I am hoping someone can give me so information on what might be going on. I have a HL-15 with the X11SPH-nCTPF motherboard. Its been about a year since i have bought this. Everything worked great. I was messing around and had to reinstall I have installed Rocky8 and truenas and for some reason my drives are coming up with errors.
I ordered more drives from amazon and they show bad. The array will be good for about a day then crash. I keep swapping out drives and they keep crashing the only thing I can think of is the raid controller on the motherboard is going bad. Its just hard to believe that my drives went bad at the same time and new ones i get are also bad.
What happened to prompt the reinstall? Are there other hardware changes? Reinstalling an OS shouldn’t cause drives to start failing. Was the unit moved? Could a cable be loose?
Provide a bit more information about the type of drives (eg, SAS or SATA, brand(s), model(s)), the pool layout, which HL15 slots the drives are in and which are showing failing drives. On the Z11SPH, half of the drives are connected to the onboard HBA controller, and half to a SATA controller. By default I think 1 to 8 go to SATA and 9 to 15 to the HBA.
What symptoms/errors do you get when the array "crash"es? Does one disk show as failed or more than one? Which slot(s) are the disks in when they fail? Have you run smartctl or Crystal DiskInfo on the “failed” drives to interrogate their SMART data?
Although probably not your issue, it would not be unexpected for a set of similar drives purchased and run together to start failing around the same time, as they will all have similar in-use characteristics. If the original failing drives (not the replacements) have substantly differing manufacture dates and/or brand/model, that is different.
I tried upgrading from ubuntu 20 to 22 and messed everything up. At that point I installed truenas then went to Rocky8 and back to truenas. On each system I would build an array of 5 drives 1 to 2 would take the pool offline because they have errors. I would create a new pool with different drives and the same thing would happen. No matter what drives i put in always have 1 to 2 crash the pool.
I have tried putting the disks in starting at slot 1 and I have tried it starting at slot 15. I have 13 total 12TB sata drives and I cant get past creating 1 small pool without the drives showing errors and taking the pool offline. I did find if you pull the drive and put it back in the pool will come back online for a while then go off again.
Yesterday I got 2 drives from Amazon put one in and one drive that was in a pool failed while adding the new drive to the pool and the new drive said it failed.
I would look at the SMART data and confirm if the drive(s) are acrually showing errors. I’d also look in the system logs–dmesg or whatever–for error messages about the controller or communication with the drives.
Since you are having trouble with all slots, I’m not sure I’d suspect the motherboard first, because as I said slot 1 and 15 will be on different controllers. I’d normally suggest checking the cables are all plugged in securely, and that couldn’t hurt, but it doesn’t sound like you had the case open making hardware changes.
See what help you get here, but I’d also send a note to info@45homelab.com. Although uncommon, this seems like it may be a backplane issue, and I don’t know how to diagnose that and rule it in or out, they will.
Hi @herc5854 ,
You don’t say what type of drives that you are using.
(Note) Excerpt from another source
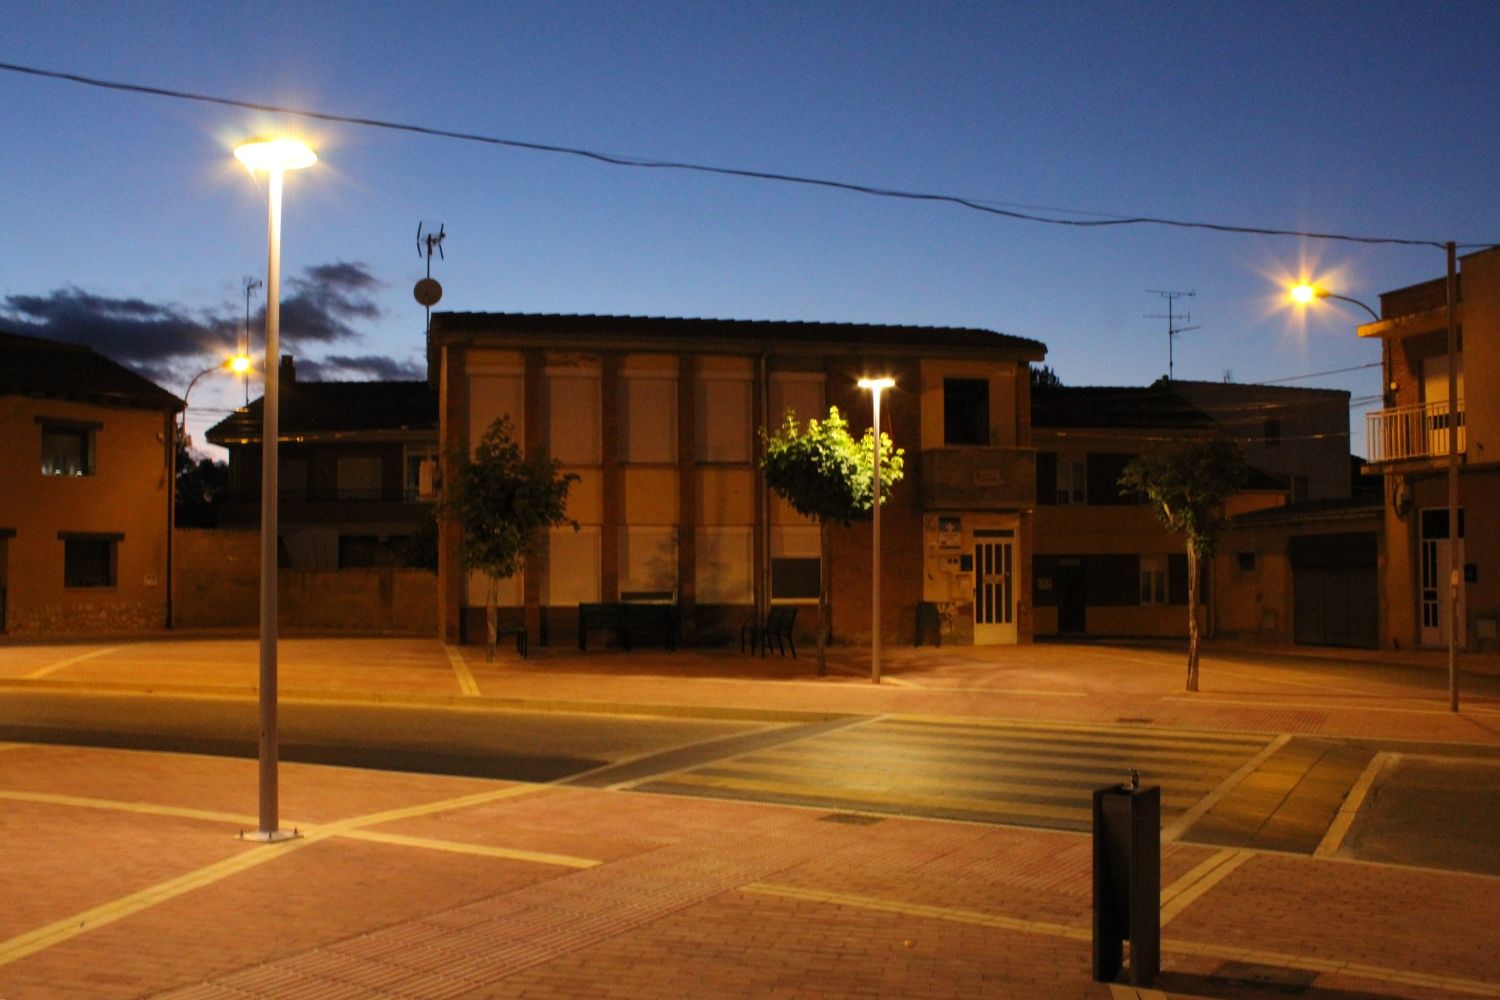  La Plaza de Villabalter en San Andrés del Rabanedo (León) inaugurada tras completar su remodelación 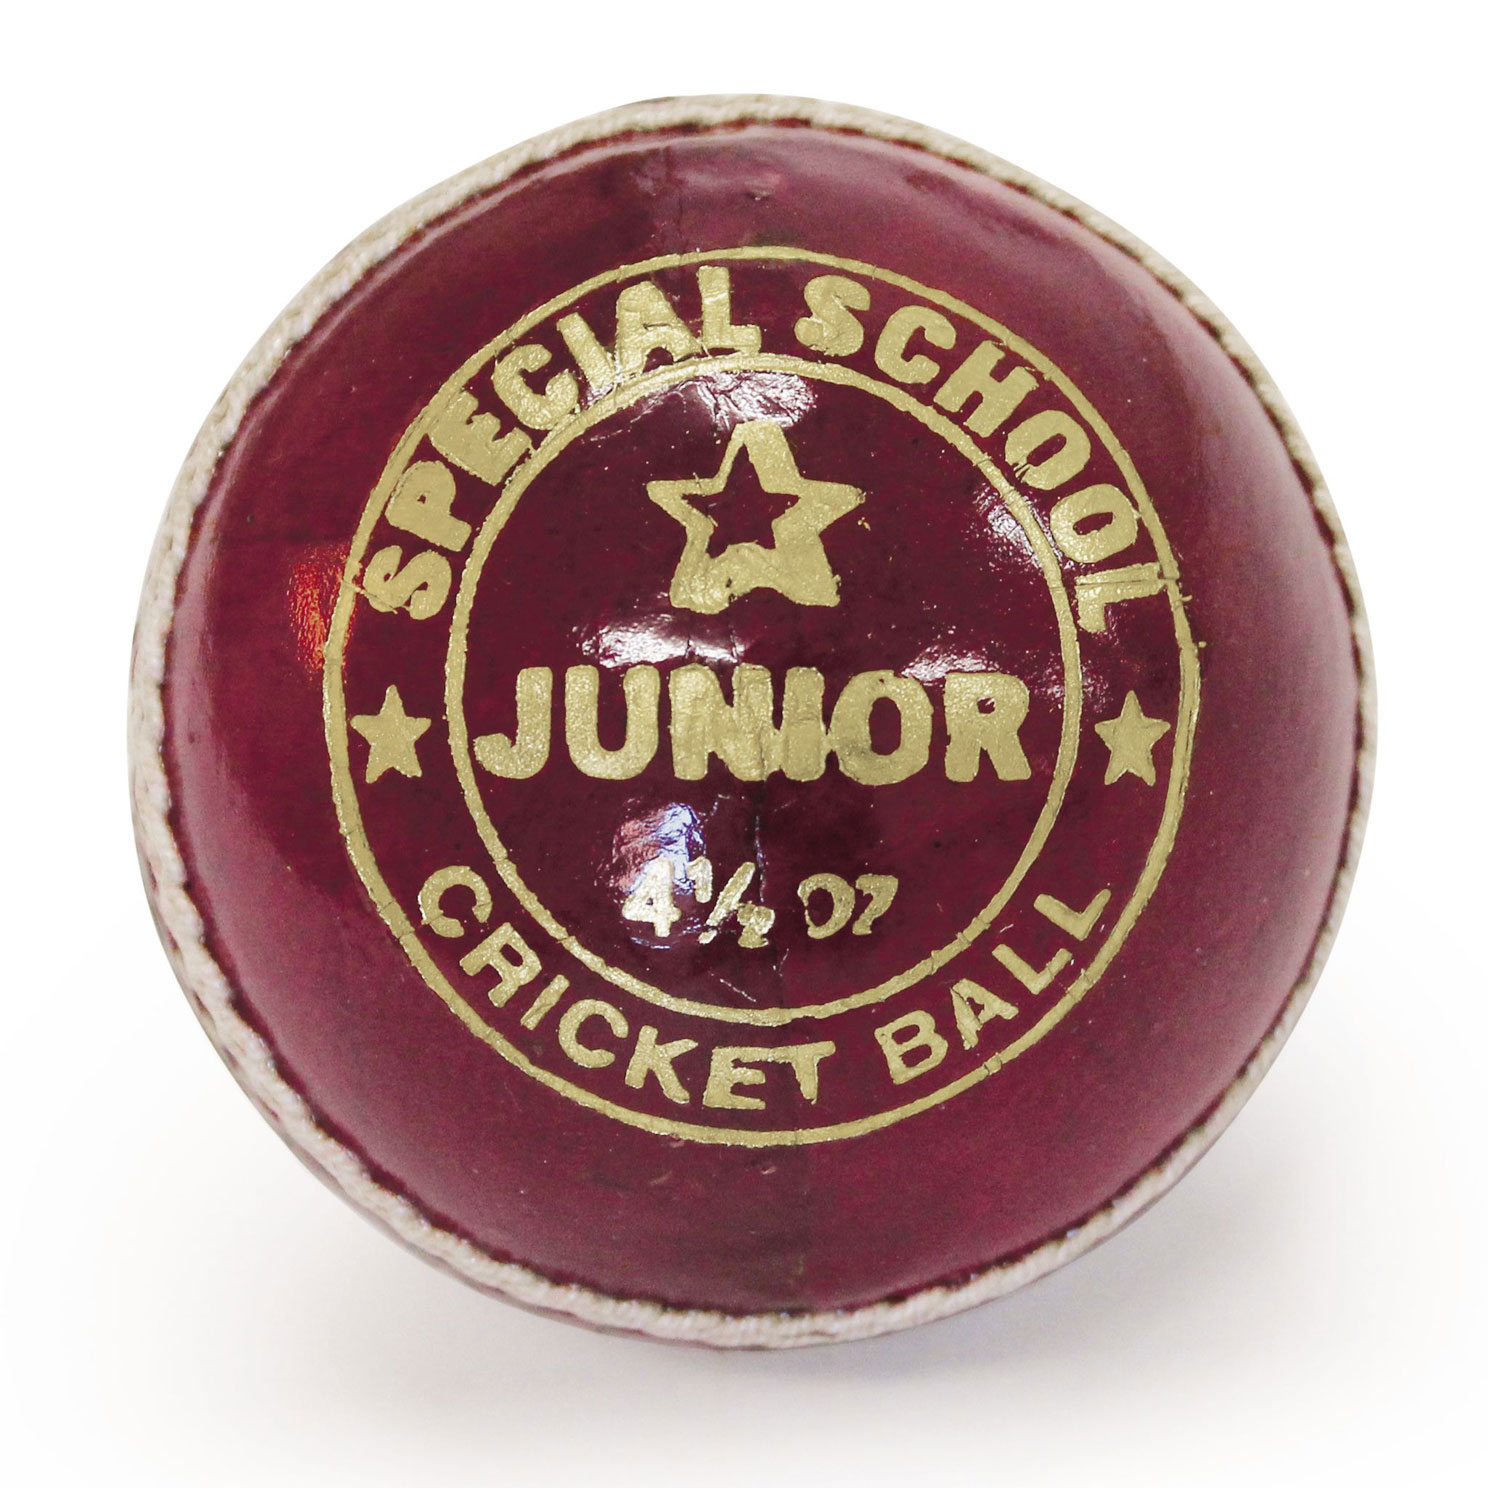 Mastersport Special School Cricket Ball

Are they SAS or SATA?
Several of us had some issues with errors when using SAS drives. It was a cable issue.
There are plenty of cut and paste commands in that thread that you can use. If this is the issue, you will be able to drop the speed transfer to SAS2 for the drives and the errors will go away. Then you can replace the cables and re-enable full speed SAS3
Are their any consistencies in which slots are erroring out? Our drives are normally in groups of 4 so there is a chance if they are located in the same area it could be a bad cable.
Somewhat, Slot 5 and 6 I havent added in the rest of the drives. If i remember it was also slot 13 and one other I dont remember. Yesterday everything said it was good I went to add a drive to the array and that is when slot 5 failed along with the new drive in slot 6.
Hey @herc5854
Hmm okay! It could be a backplane issue do you have the ability to try removing the drives and seeing if errors pop up on the pool with those drives gone? If there is a lot of data it will be harder however if the slots stay consistent that is most likely a backplane issue if I had to make an educated guess.
It may be beneficial to put in a support ticket and let one of our specialist take a look just in case we have to send some new hardware!
Currently I am running truenas and it will remove the drive. So I can pull the drive and put it right back in and it will come up and the pool will be good again. Just seems to be when I start putting stress on the system by adding a drive or copying over large amount a data it then errors out. Thanks I will add more drives to see if it is certain slots and will put in a ticket so I have more information to give them.
Just wanted to give an update on this. I opened a support ticket and with in 3 hours I had a new backplane shipped. I have installed the backplane and have not had one issue with any of my drives. This company is awesome on how fast they corrected my issues and helped me get my system back online.